Il filosofo anglosassone, infatti, sostenne che un tempo, nello “stato di natura”, gli esseri umani avrebbero vissuto senza una regolamentazione della vita comunitaria. Tendenzialmente la convivenza sarebbe stata pacifica, perché gli interessi individuali si sarebbero incontrati armonicamente. Comunque per ovviare alle pur rare controversie e per salvaguardare i propri diritti gli individui si riunirono in gruppi convenendo sulla costituzione dello Stato, al quale avrebbero ceduto alcuni dei loro diritti, tenendo però quelli la cui salvaguardia sarebbe stata il fine del “contratto sociale” (era una visione contrattualistica, cioè che affermava il fondamento dello Stato attraverso un “contratto”).
Locke riteneva che i diritti naturali (la dottrina che accetta l’esistenza di diritti naturali è detta giusnaturalismo), perciò inviolabili, fossero la vita, la libertà e la proprietà. Nel caso in cui i governanti non li rispettassero perderebbero ogni legittimità al potere e il popolo avrebbe il diritto di destituirli, anche con una rivoluzione, se necessario. Affinché questi casi non avvengano, secondo Locke, è opportuno dividere il potere politico nel potere legislativo, che legifera senza avere i mezzi per fare rispettare le leggi, e in quello esecutivo, che deve fare osservare le leggi e anche osservarle. L’illuminista Montesquieu condivise questa divisione, ma aggiunse che anche il potere giudiziario deve essere autonomo. La divisione dei poteri di Montesquieu è ancora oggi uno dei pilastri degli Stati liberaldemocratici.
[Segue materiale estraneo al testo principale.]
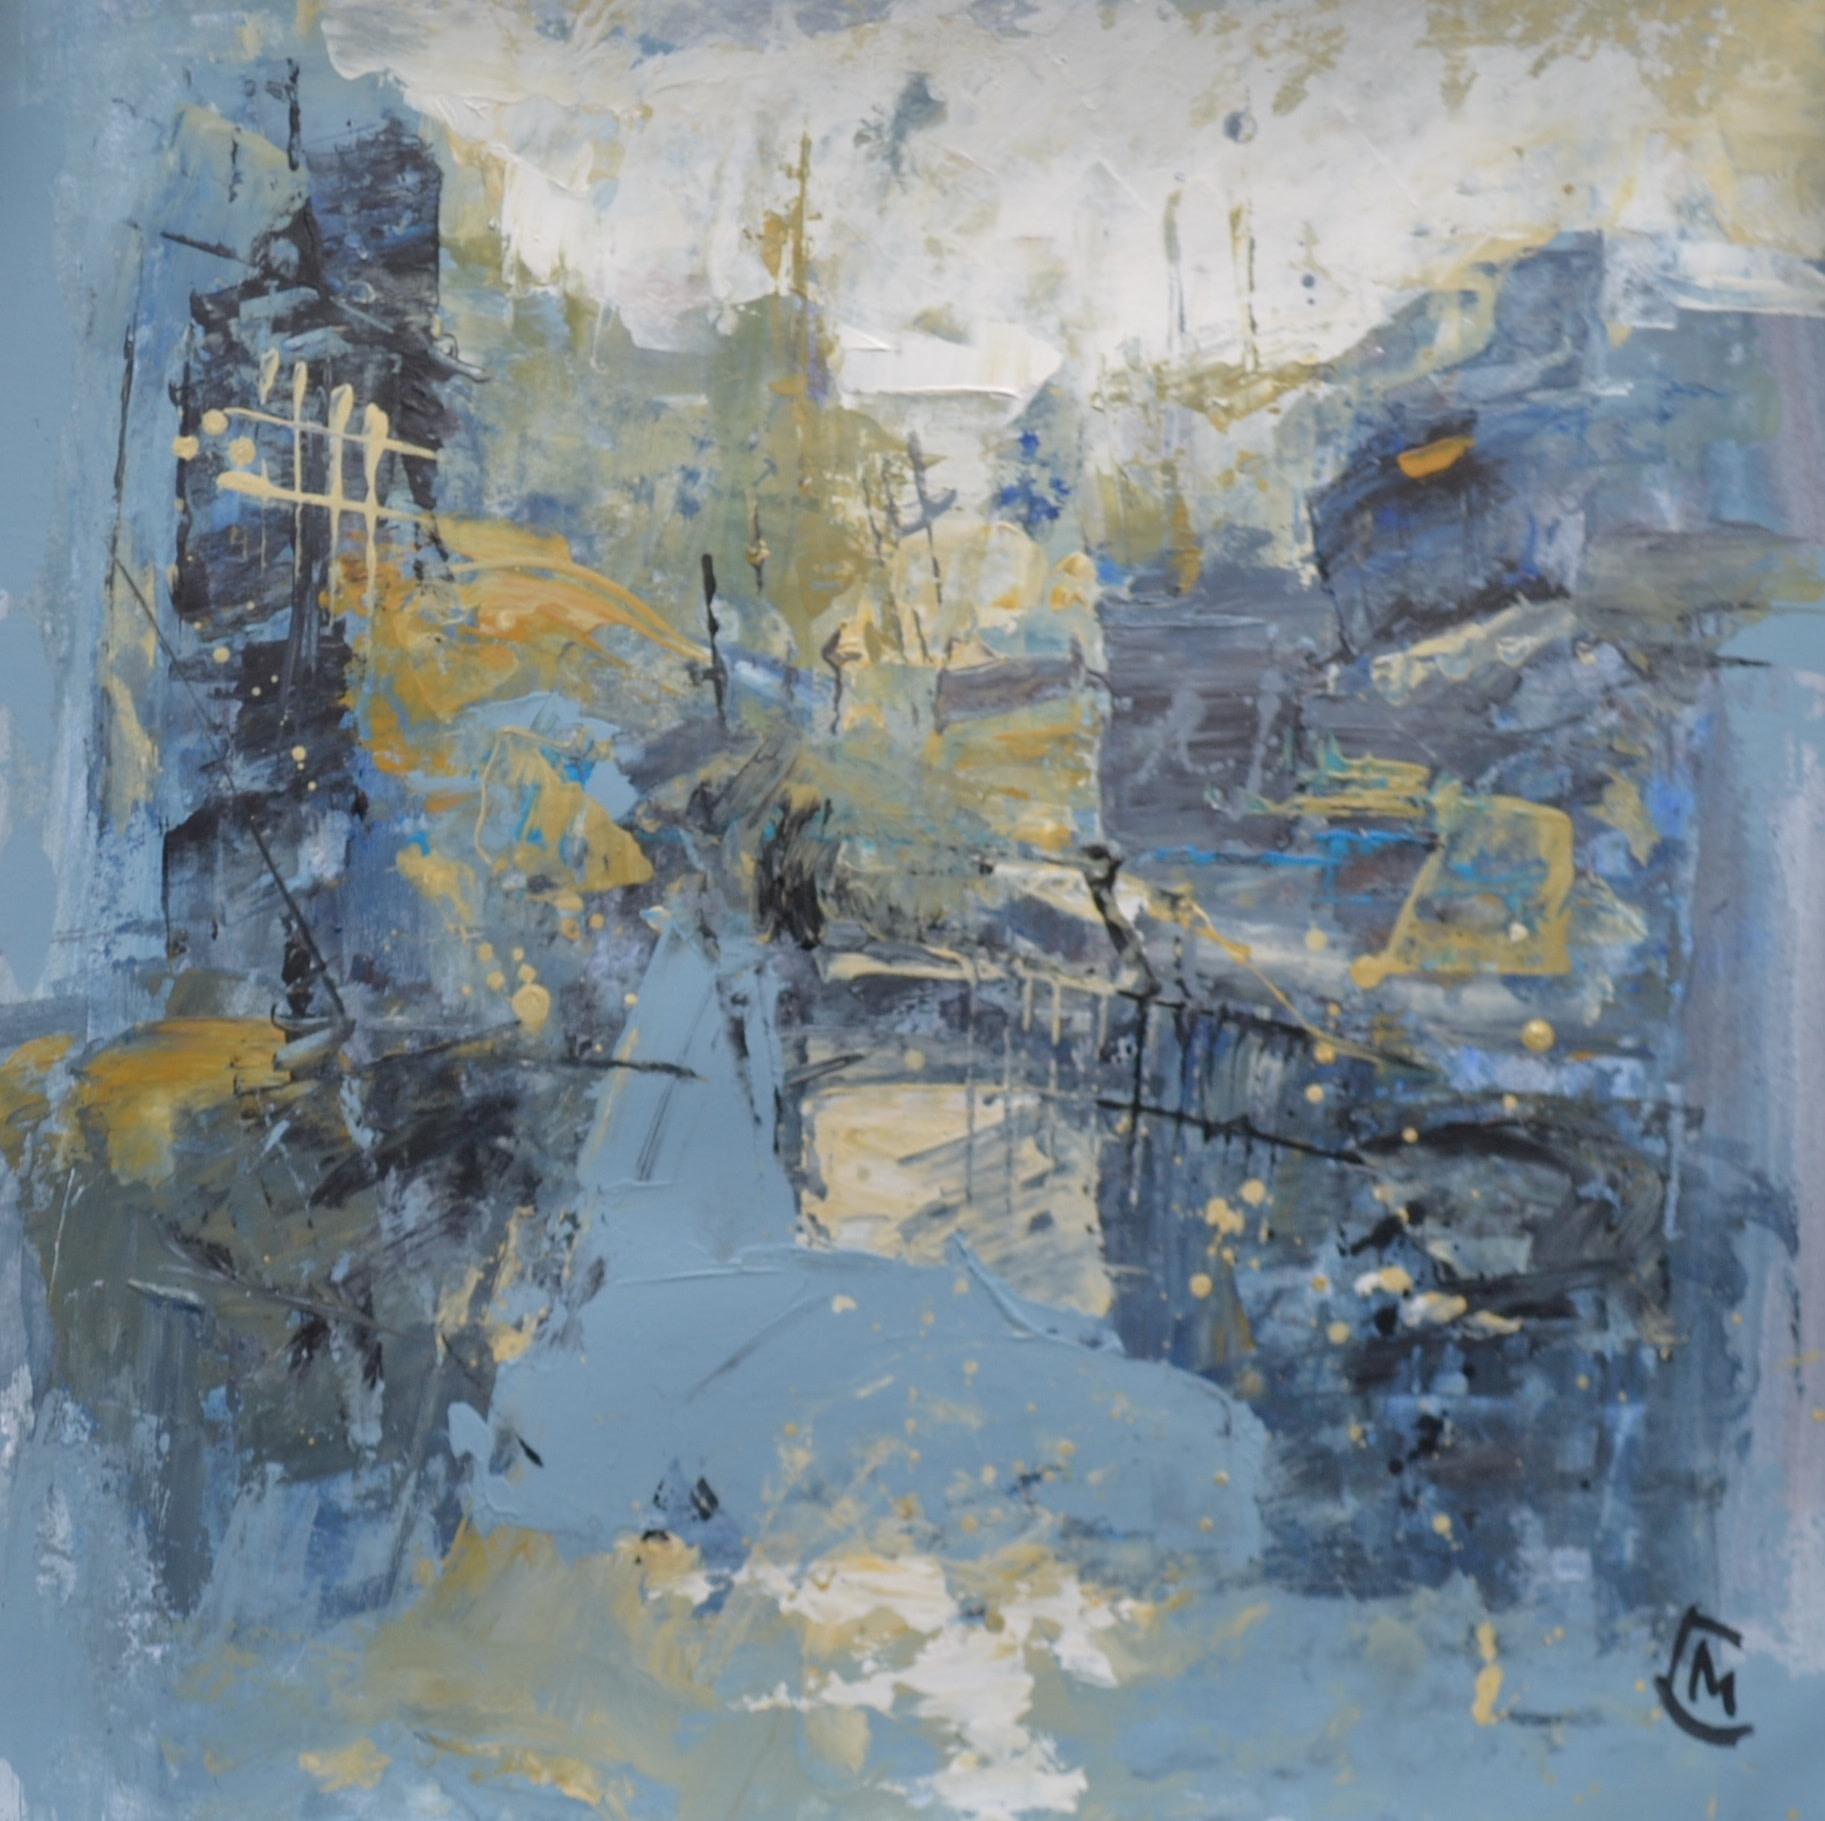 <span class=&#34;link fancybox-details-link&#34;><a href=&#34;/exhibitions/24/works/artworks_standalone10743/&#34;>View Detail Page</a></span><div class=&#34;artist&#34;><span class=&#34;artist&#34;><strong>Colin Merrin</strong></span></div><div class=&#34;title&#34;><em>Composition 210</em></div><div class=&#34;medium&#34;>acrylic</div><div class=&#34;dimensions&#34;>38x38cm</div>

Un importante principio per la convivenza civile fu individuato da Locke nella tolleranza.
Il liberalismo, soprattutto rispetto alla cultura dominante fino al fallimento della Restaurazione, si configura come laico e umanista, infatti:
- pone le basi dell’organizzazione politica non in Dio, ma nell’umanità;
- inserisce tra le libertà individuali più importanti quella d’espressione di pensiero, quindi di religione (tranne che di quelle che si ritengono molto pericolose per le istituzioni);
- ascrive le convinzioni religiose alla sfera del privato.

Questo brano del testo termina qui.